Exercise aim: Reproduce the data in full, exactly as given, leaving images out.

Stored data:
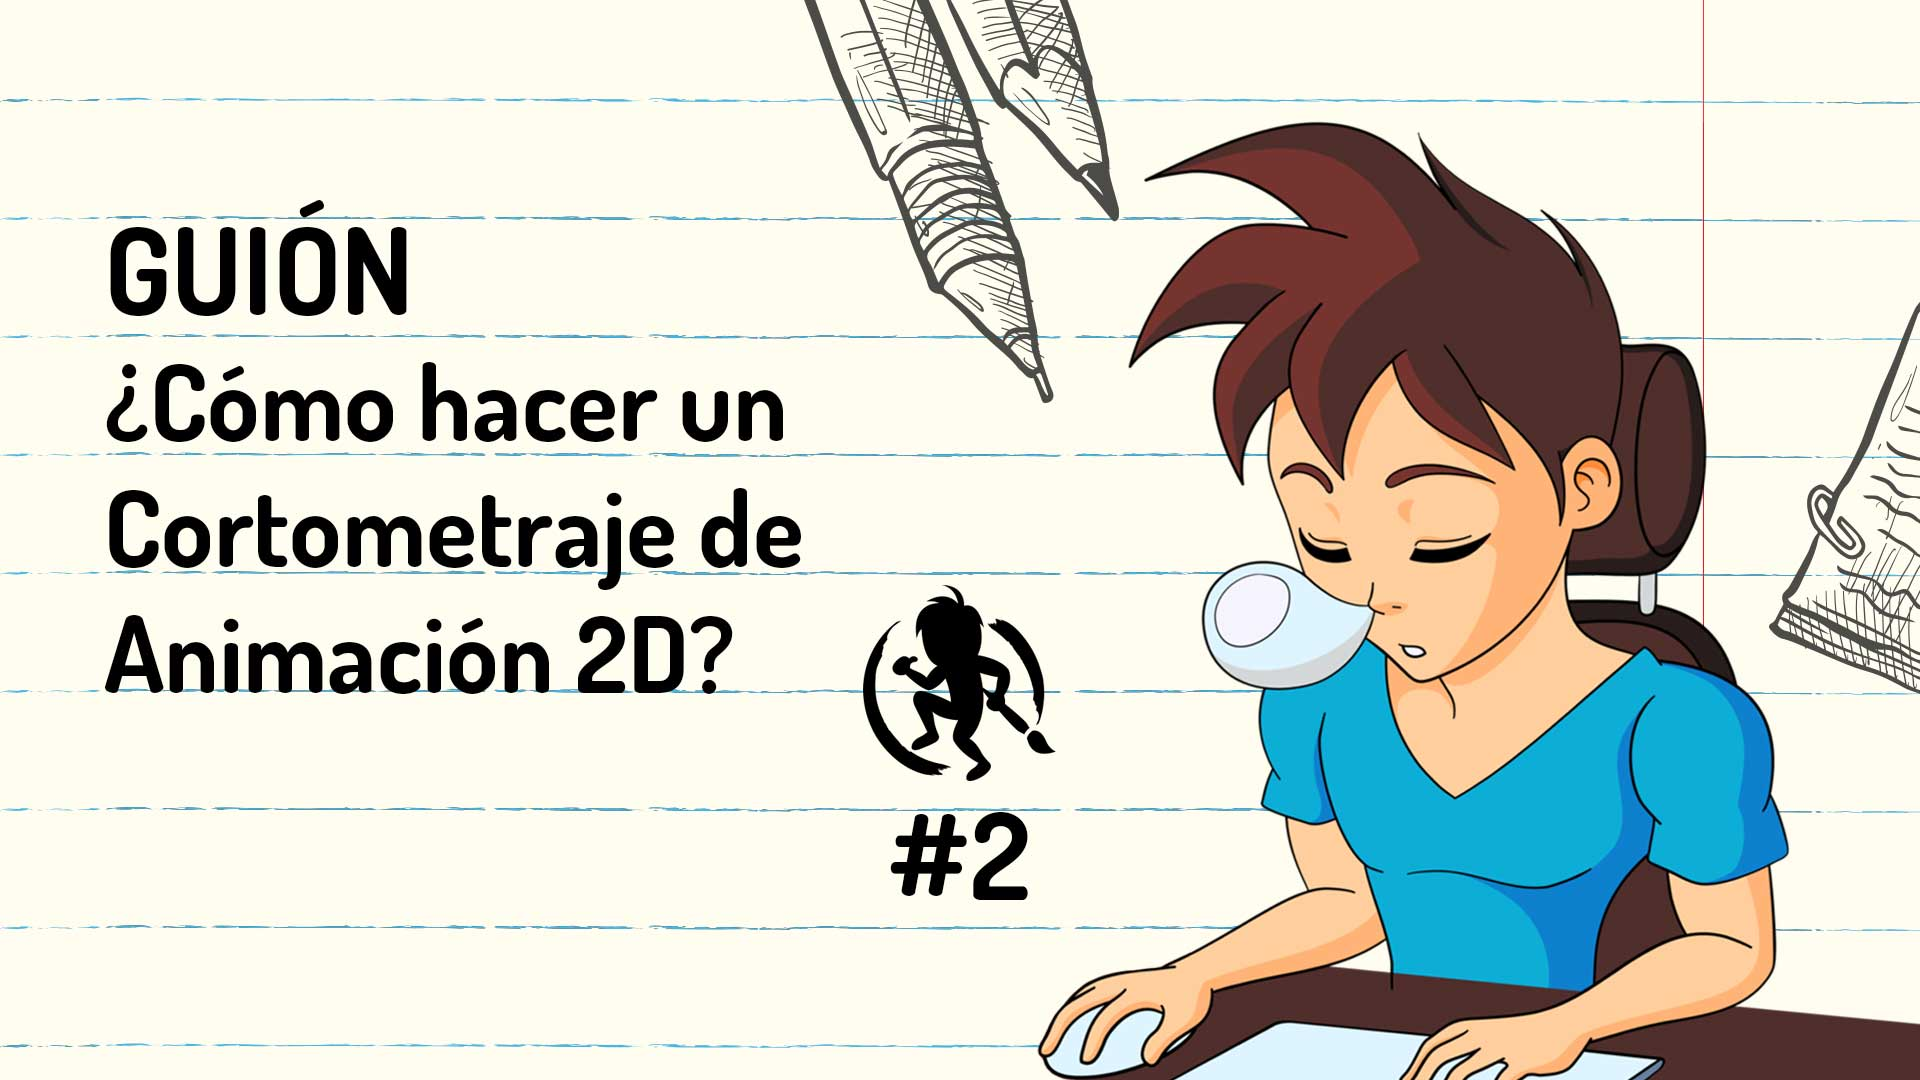 Guion Literario en un cortometraje de Animación 2D
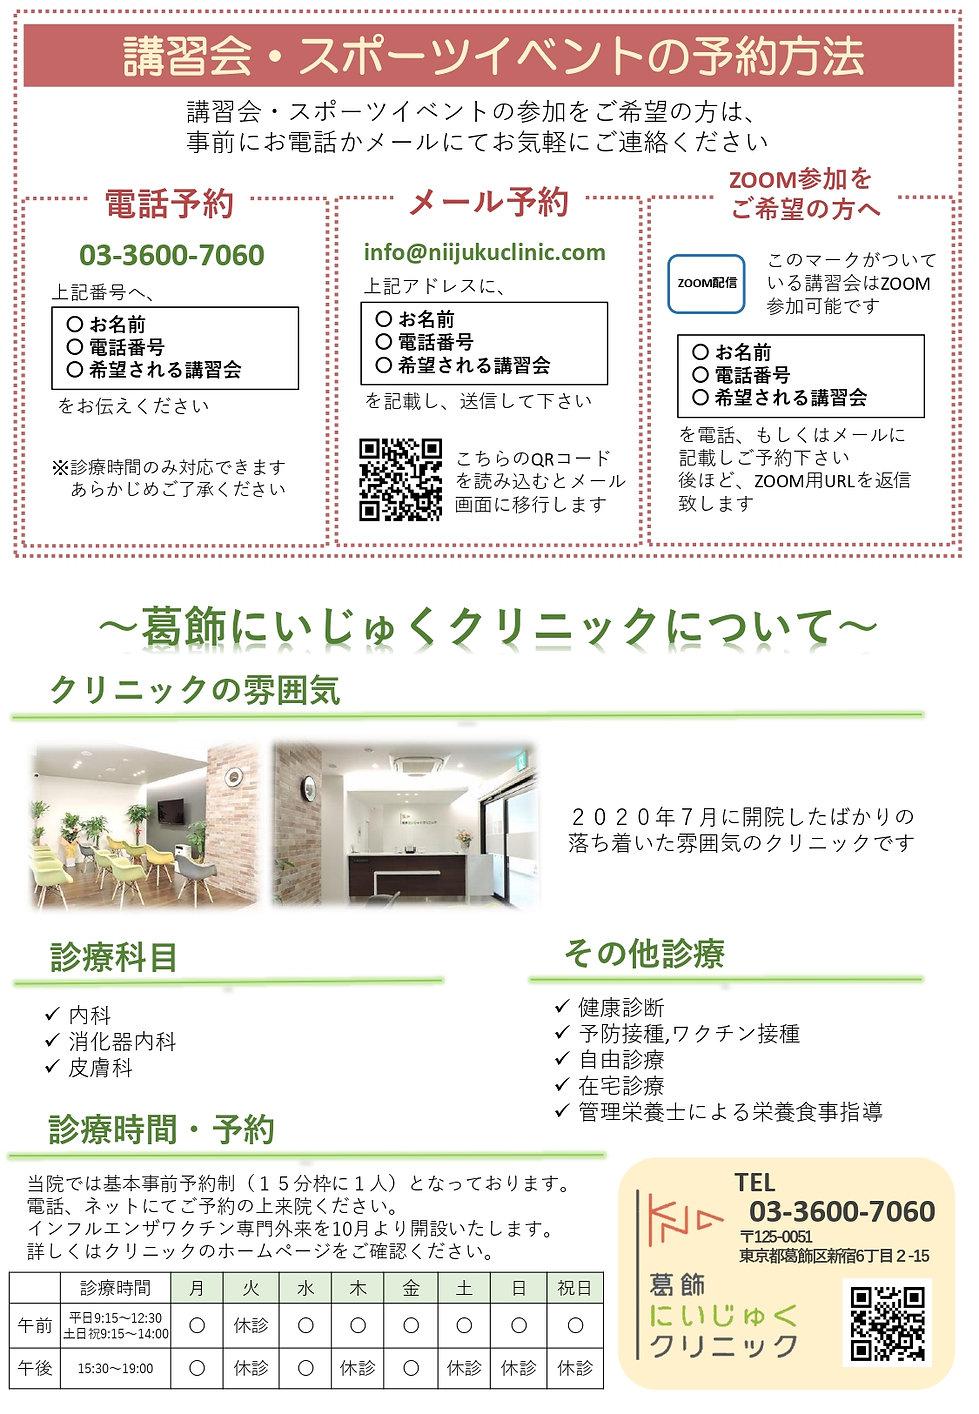 区民公開講座_9月修正版_page-0002.jpg
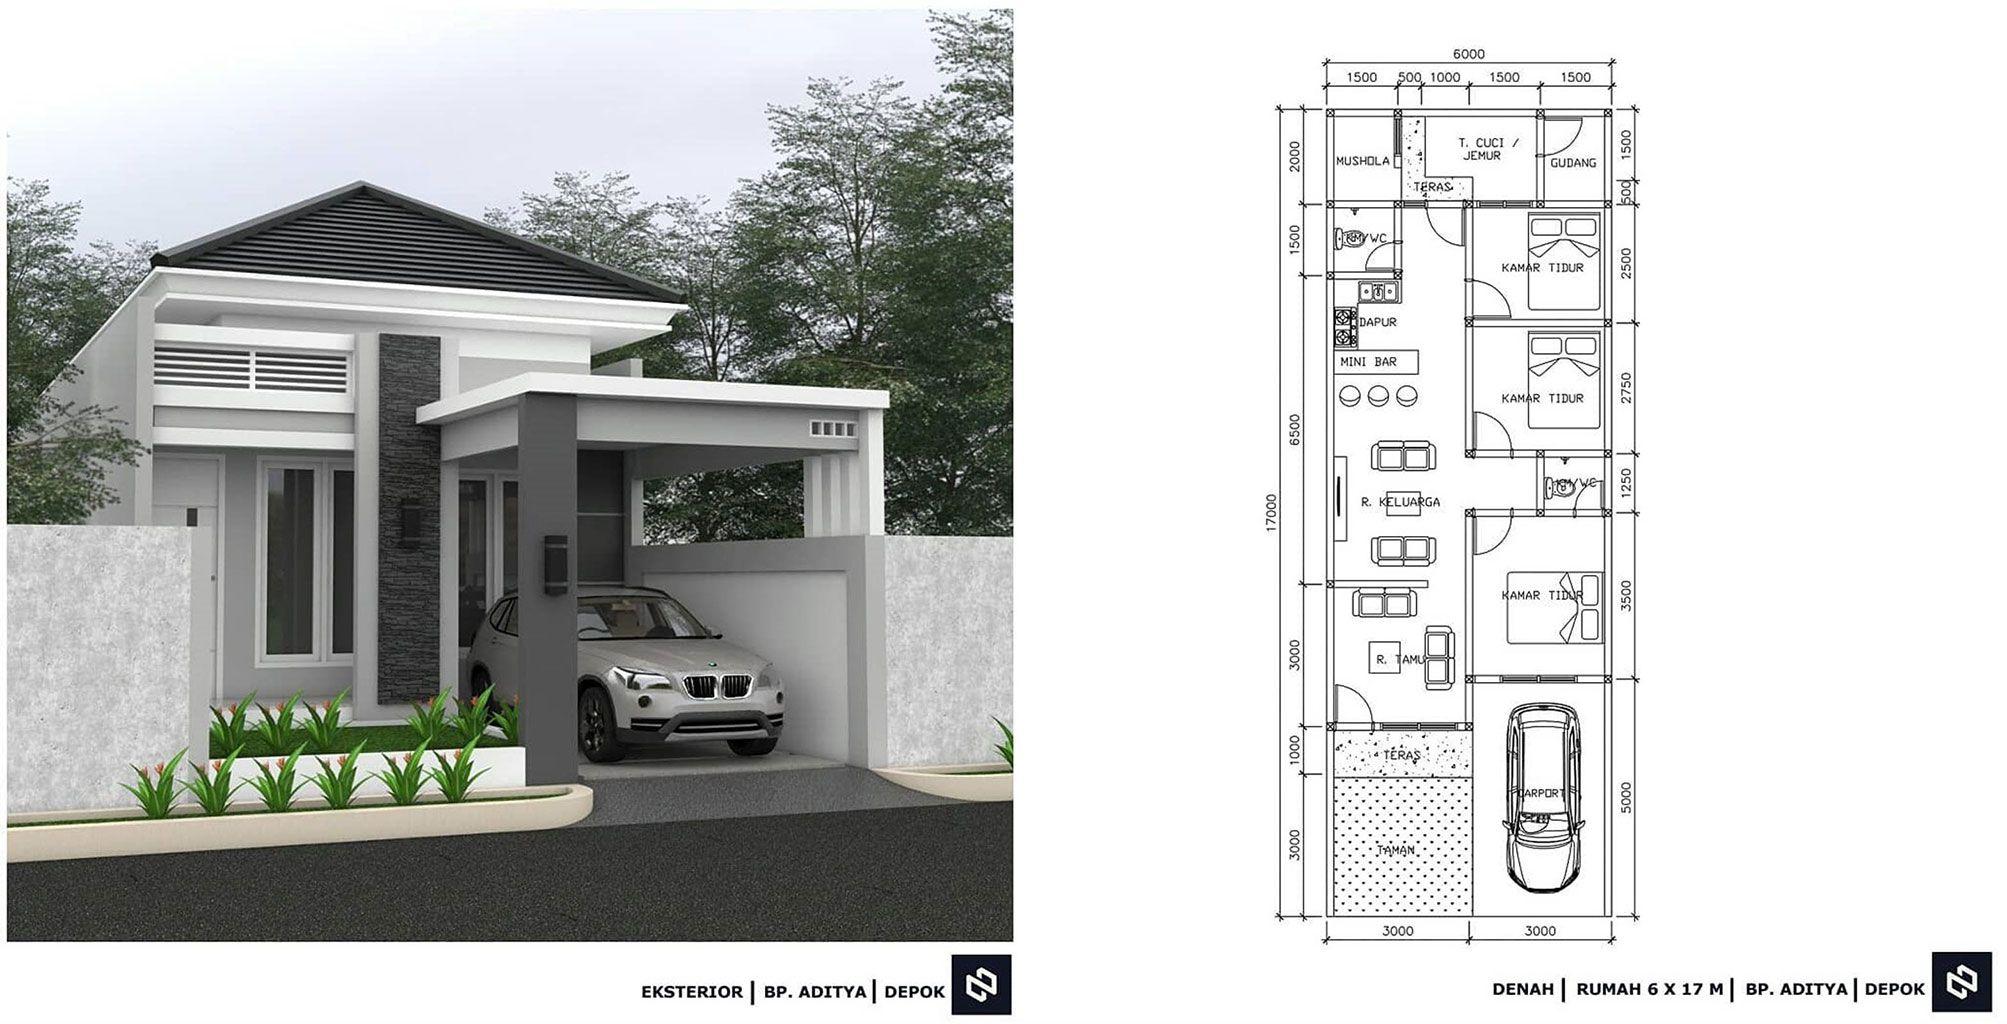 Desain Rumah Minimalis 3 Kamar Tidur Dan Mushola Cek Bahan Bangunan
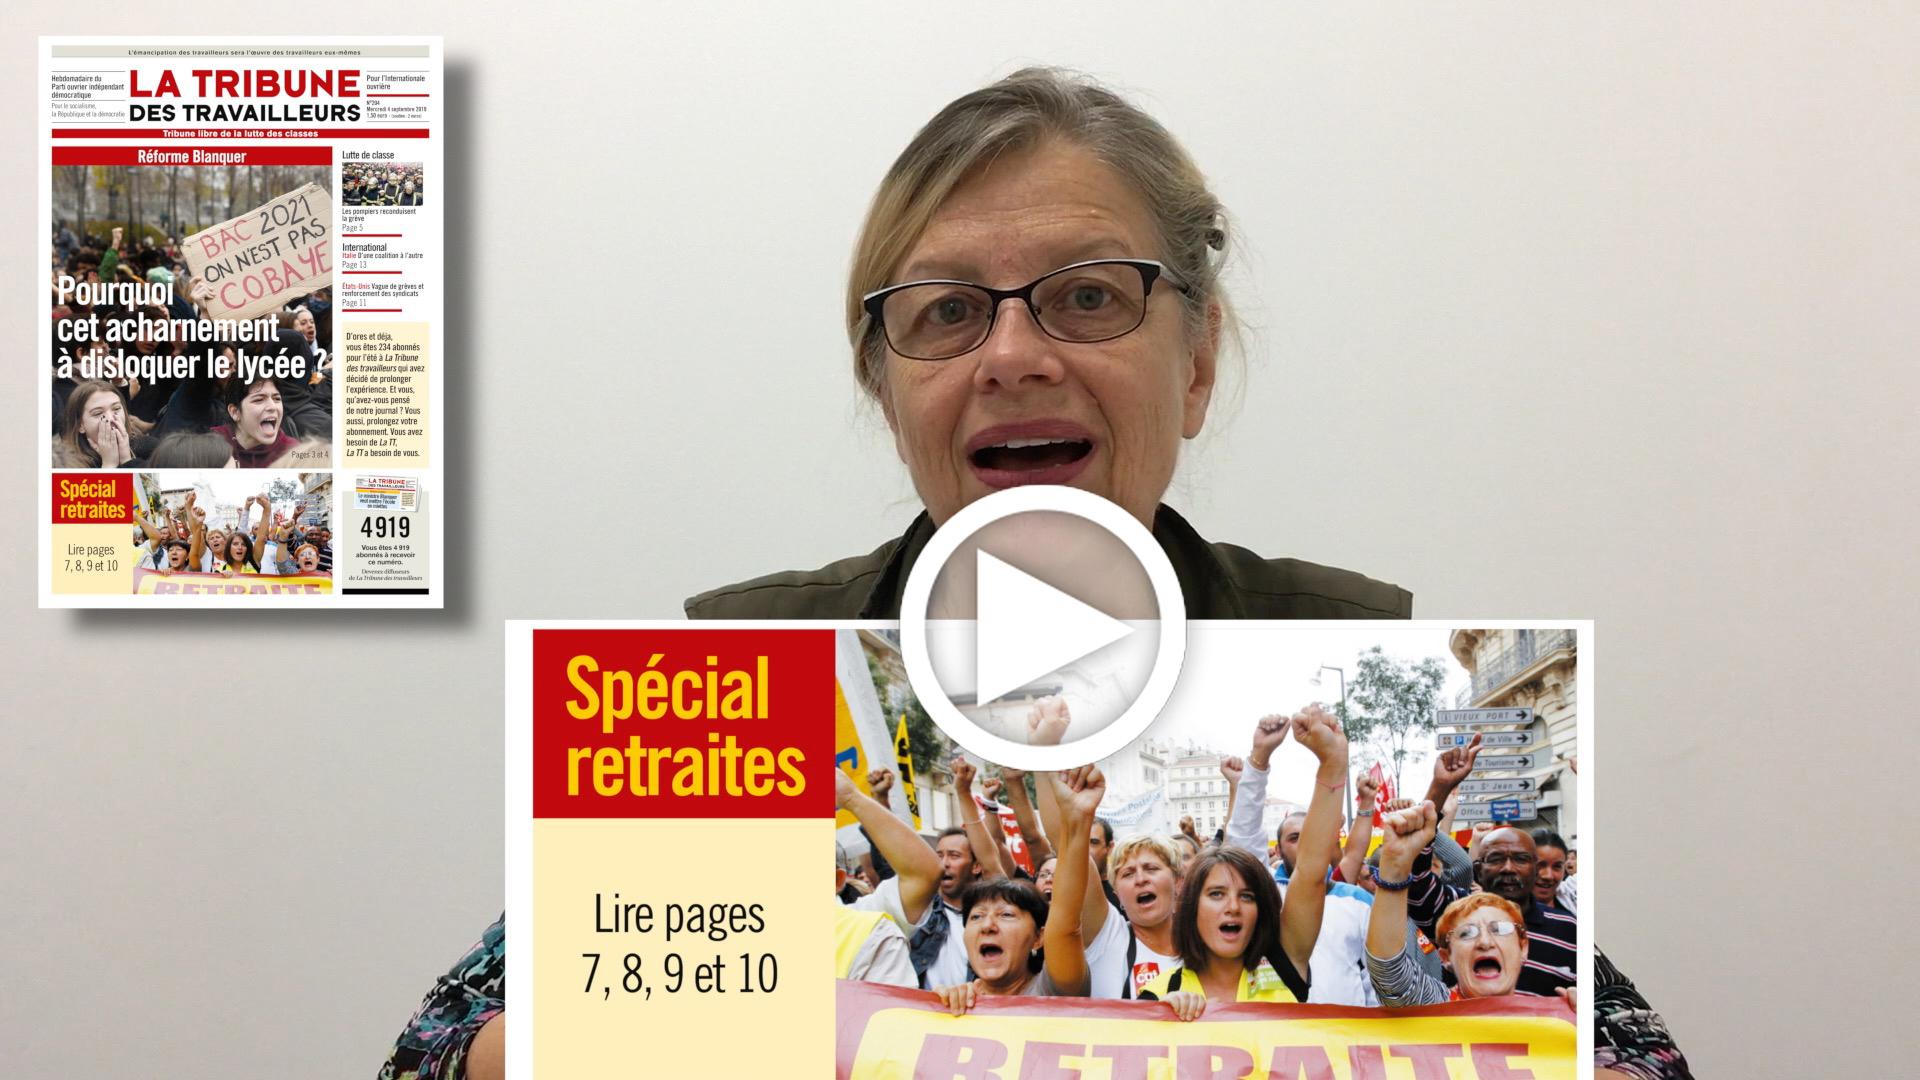 Les Infos-Hebdo du 5 septembre 2019 – Spécial retraites: il n'y a rien à négocier

Exercise output:
 Guion Literario en un cortometraje de Animación 2D
 区民公開講座_9月修正版_page-0002.jpg
 Desain Rumah Minimalis 3 Kamar Tidur Dan Mushola Cek Bahan Bangunan
 Les Infos-Hebdo du 5 septembre 2019 – Spécial retraites: il n'y a rien à négocier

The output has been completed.